**Task to carry out:** Set the whole listing down again, word for word, with no pictures.

**Given material:**
========

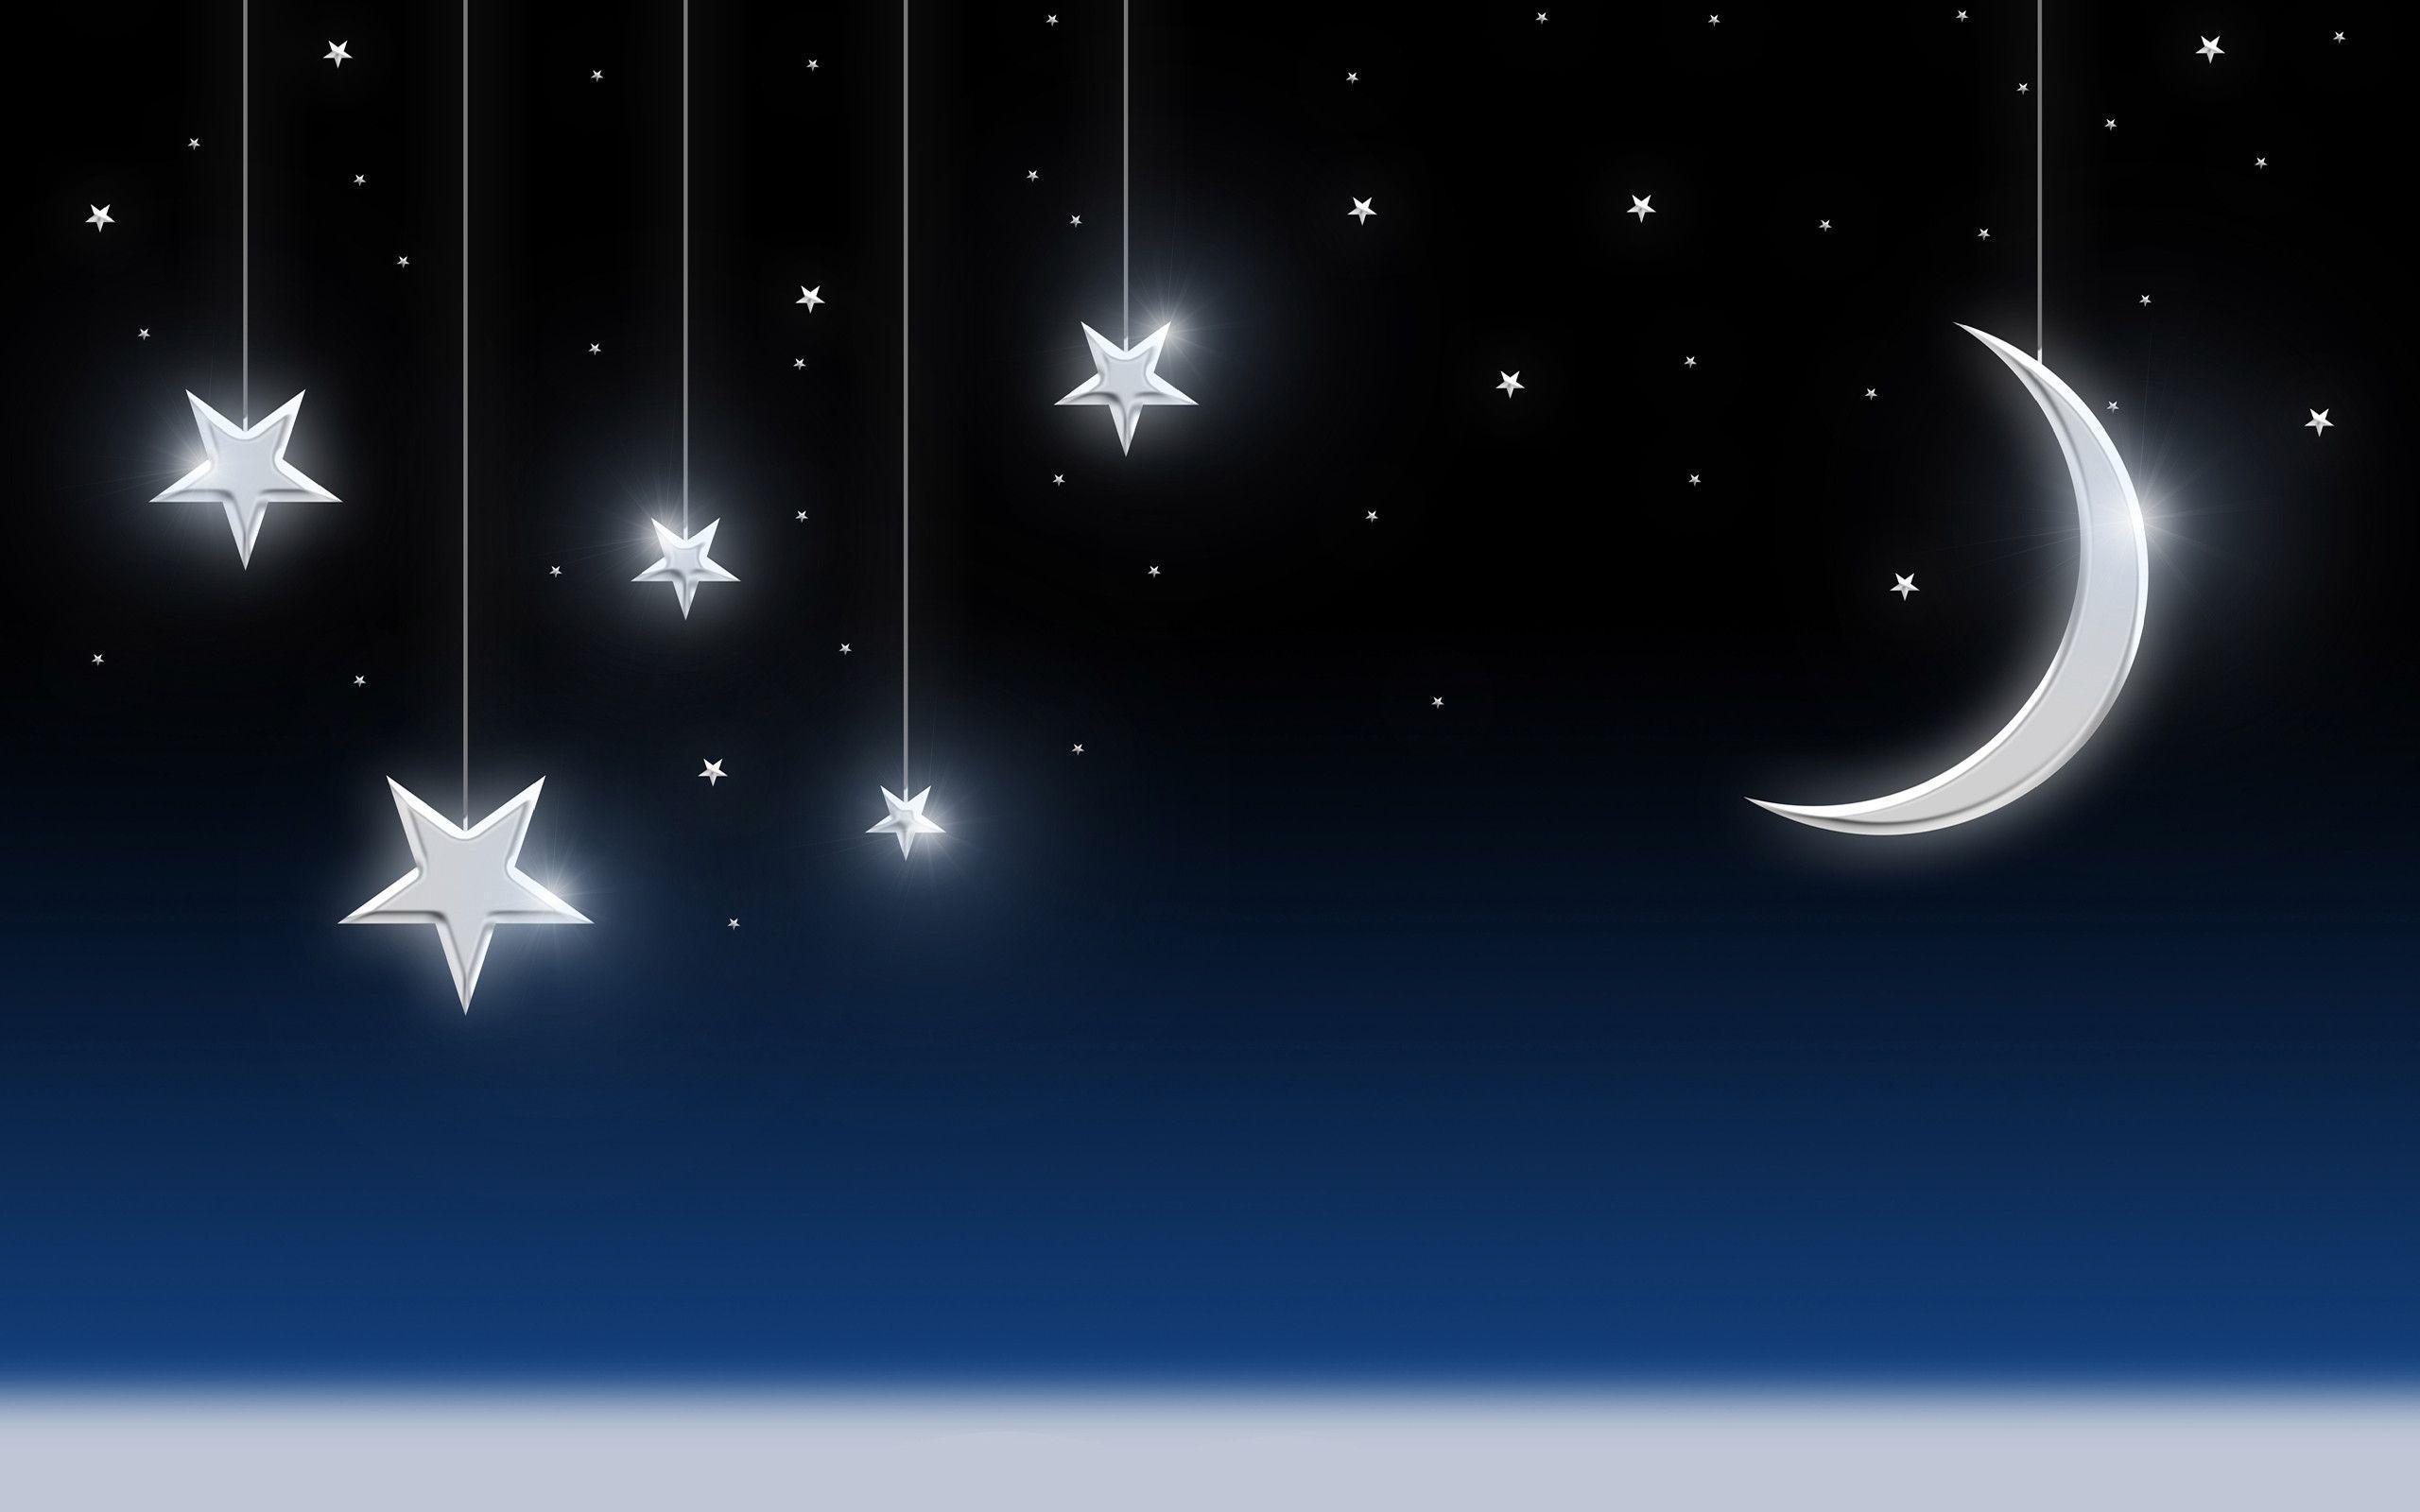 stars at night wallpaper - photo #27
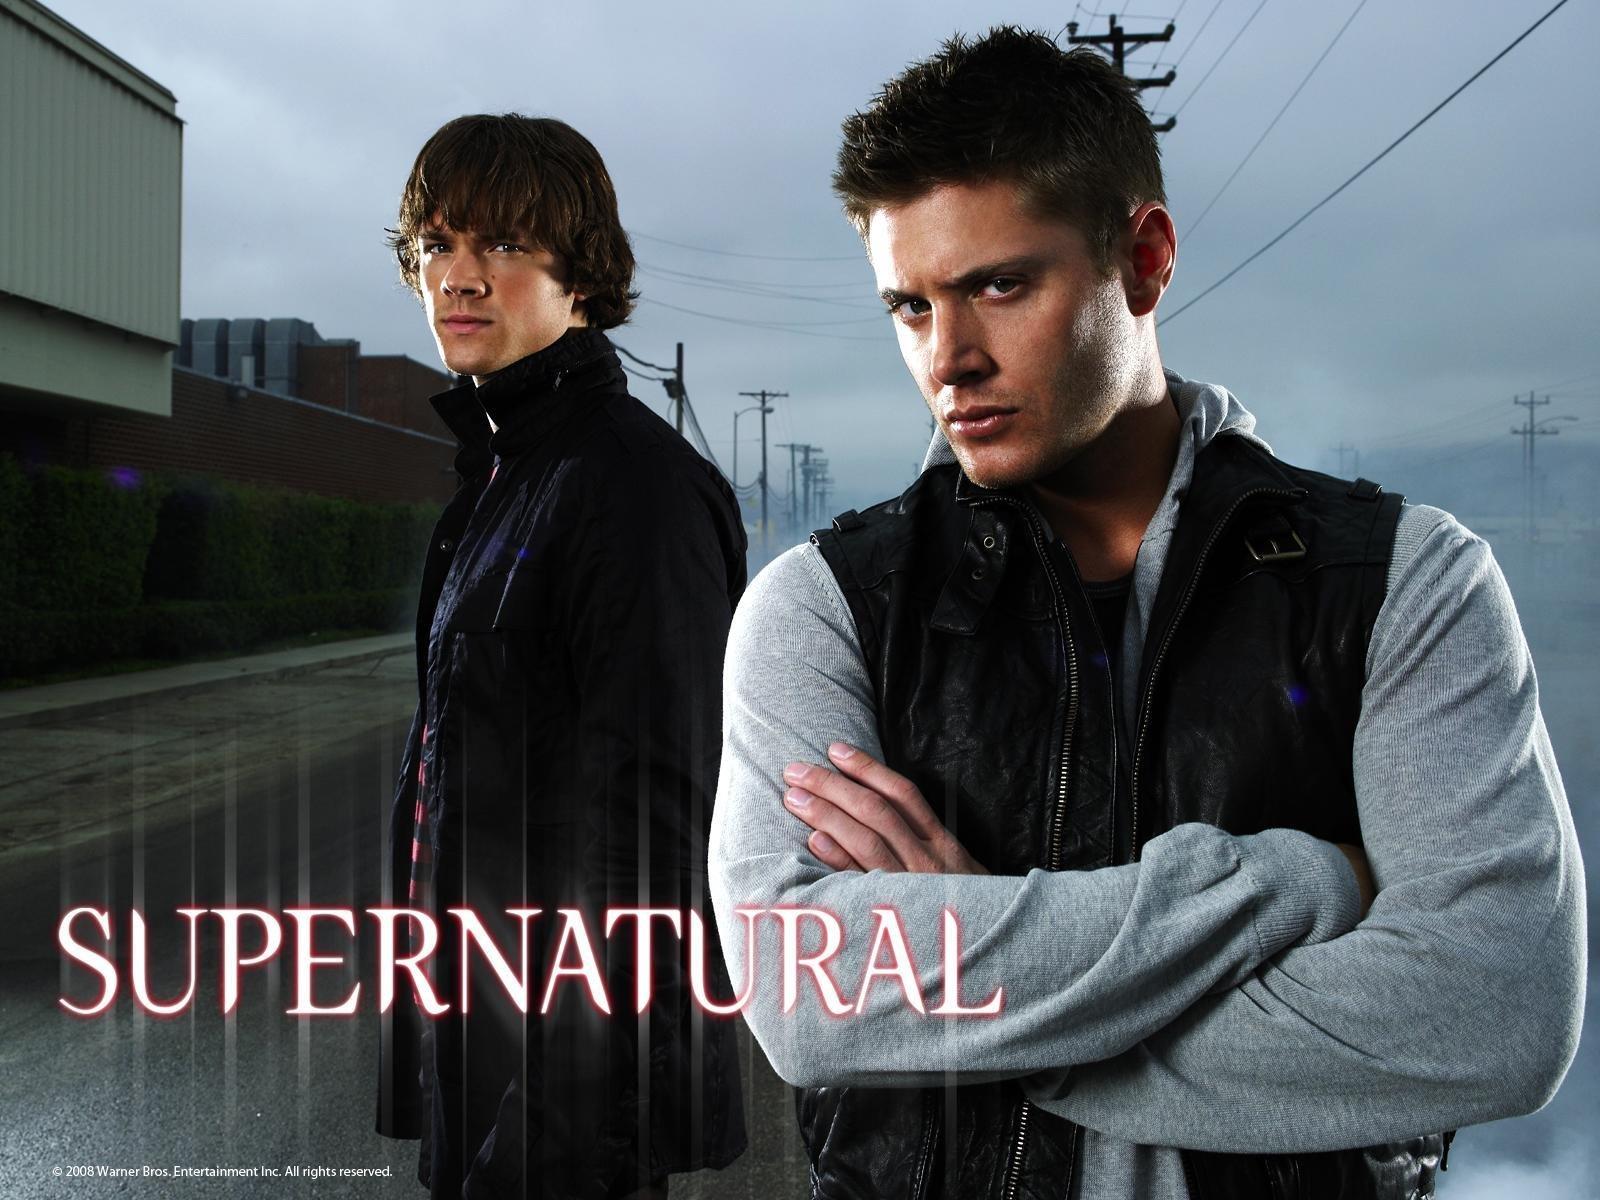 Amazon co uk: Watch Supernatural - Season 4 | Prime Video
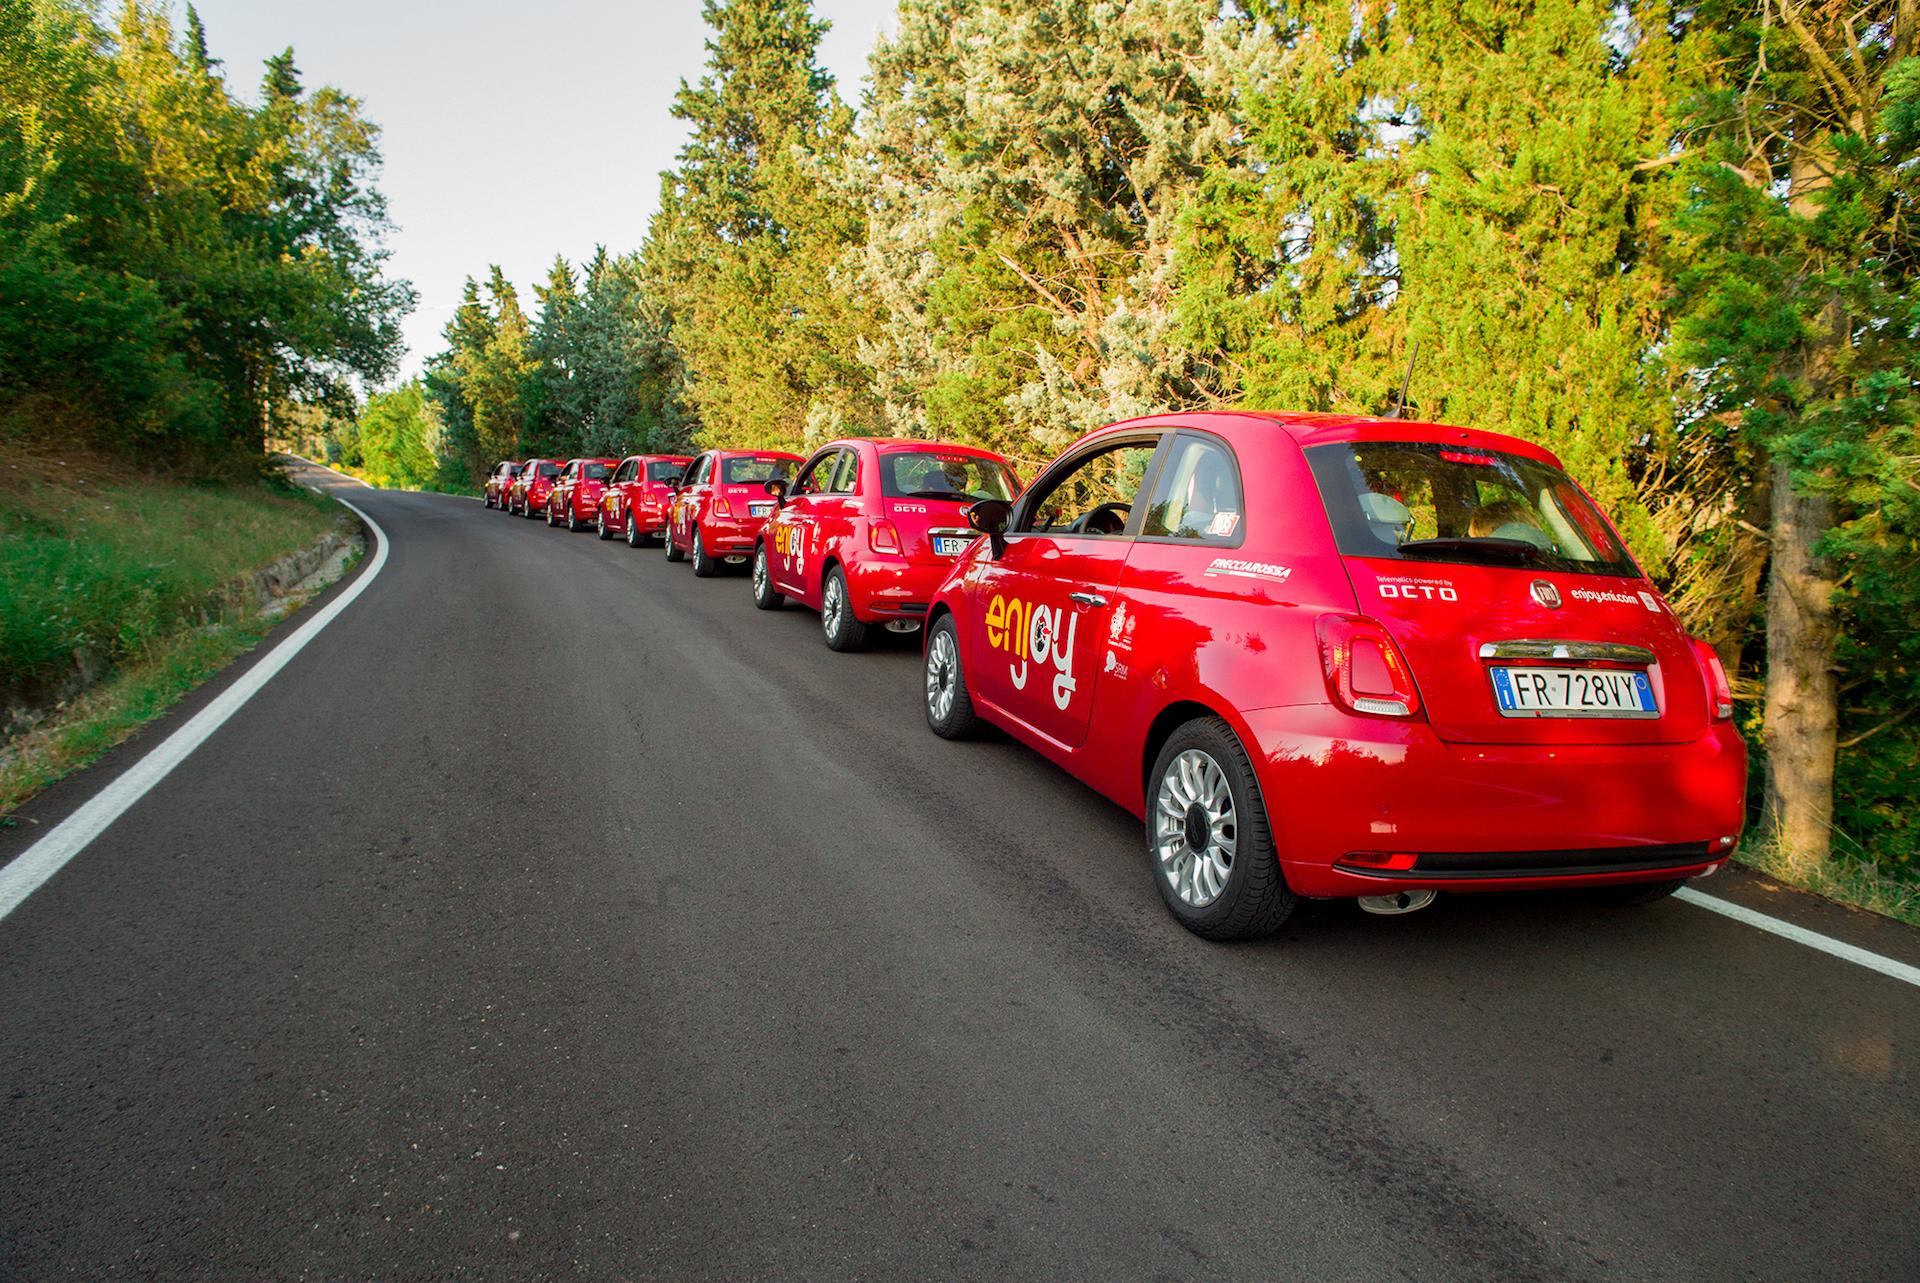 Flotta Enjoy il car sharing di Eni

========

**Answer space:**
 stars at night wallpaper - photo #27
 Amazon co uk: Watch Supernatural - Season 4 | Prime Video
 Flotta Enjoy il car sharing di Eni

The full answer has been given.